Russia has lost 1218 air defence systems and 422 aircraft, 55% of their entire air defence capability, plus 33,000 artillery systems which is about 70%. Most of this materiel cannot be replaced.

One thing is keeping the Russian war machine operating: the transport and sale of oil and gas. Despite multi-national sanctions Russia still manages to ship enough black-market oil to customers though a shadow fleet of tankers with suspect insurance and safety standards. Money from this oil is keeping Russia’s head above water but recent events tell a different story, Russia is close to drowning.

Ukraine’s drones and missiles can now penetrate up to 3000 kilometres into Russia. Ukraine has hit 63 oil refineries 45 oil storage depots many of them more than once. They are striking the pumping stations that carry the oil to refineries and distribution hubs and most significantly on September 12th drones struck Primorsk, Russia’s largest oil-loading port the Ust-Luga terminal on the Baltic Sea. This mission suspended operations, striking at least one ship in port.

60 million tons of oil pass through the port every year, earning Russia roughly $15 billion, or $41 million per day.
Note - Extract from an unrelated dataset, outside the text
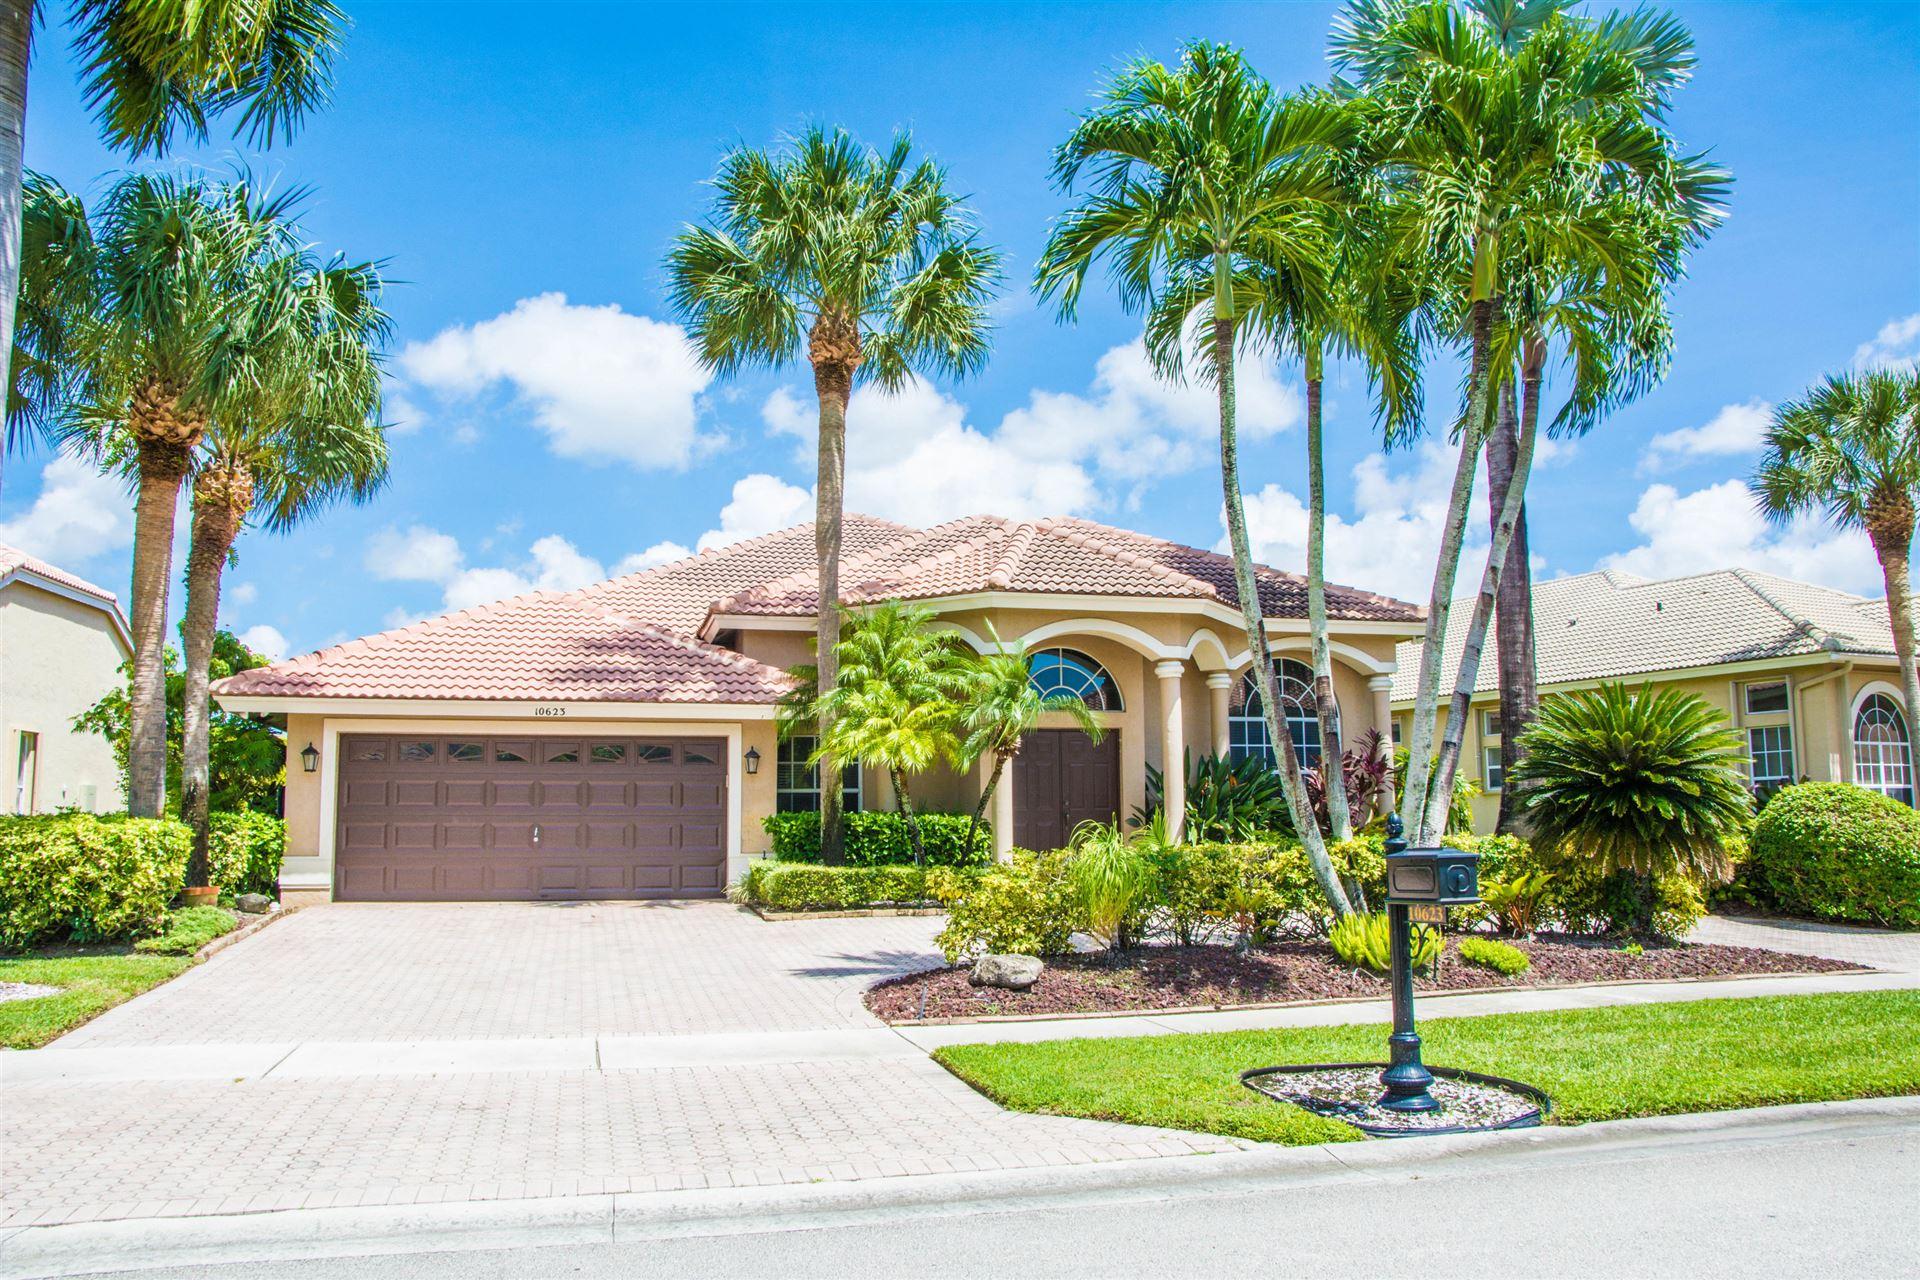 Photo of 10623 Saint Thomas Drive, Boca Raton, FL 33498 (MLS # RX-10656543)

SBU drones also struck three oil pumping stations, part of the pipeline sending crude to Ust-Luga.

The oil cannot flow from the wells to the ports or the refineries. The storage facilities with their reduced capacity are full. In response, Russia has reduced production and shut down some wells. This sounds temporary but in the harsh regions of the arctic where these wells operate, reopening or raising production is a complicated procedure. The wells can become inoperative.

The stomach of the system is the oil well, the arteries carry the oil, the pumping stations are the hearts, but the ports are the link to revenue. The most vital sector of Russia’s economy is being hit daily. As Russia spends more on the war, it earns less on the international market.

If Ust-Luga cannot operate the shadow fleet becomes pointless. If there is no oil and no terminal, the fleet is defunct and sanctions against the fleet become superfluous. The tankers cannot move to ports further north. Winter ice will block the routes and there are no oil terminals.

Added to all this Ukraine is striking Russia’s main communications system, the railways. Russia with its limited road links relies heavily on the rail network. There are several key hubs rail traffic must flow through to transport necessary supplies across the whole nation. Every delay and every derailed train raise prices and directly affects the Russian war effort.

Putin must decide soon whether he will use his dwindling resources to feed and shelter his people or continue his war. He can’t manage both. He has robbed Siberia and his eastern provinces of manpower, emptied his prisons, and bribed untrained foreign conscripts to wear uniforms (often under duress). His political power base resides in Moscow and St Petersberg.

The lights went off in Rostov on Don last night and the water mains failed. There is no fuel in the provinces, fuel prices are up 40%; there is no relief in sight and winter is coming.

This, more than any other factor is why Kellog and Kaine told Trump ‘Russia is losing.’

Slava Ukraini!

Who Dares Shares!

Robin Horsfall

Comment from :

DONALD IAN MACLEOD

A spot-on analysis Robin, as always. The question for Putin’s inner circle now should (or must…) be how soon they will come to the conclusion that Vladimir Vladimirovich “has to go” (either an “accidental” fall down the stairs or from a window, or perhaps that other old Soviet favorite: “Comrade you are in need of urgent medical treatment – from which unfortunately you will not recover…..”

2 comments

  1. “Russia has reduced production and shut down some wells. This sounds temporary but in the harsh regions of the arctic where these wells operate, reopening or raising production is a complicated procedure. The wells can become inoperative.”

    Man I really hope so Robin.

  2. This war will end, and it will end in Ukraine’s favor.
    Ukraine is fighting hard and fighting well because it must. It has no other choice.
    Mafia land, on the other hand, does have a choice. It can stop any time it wants. And, once the hurt of economic collapse is great enough, it will, and simply evaporate from the battlefield.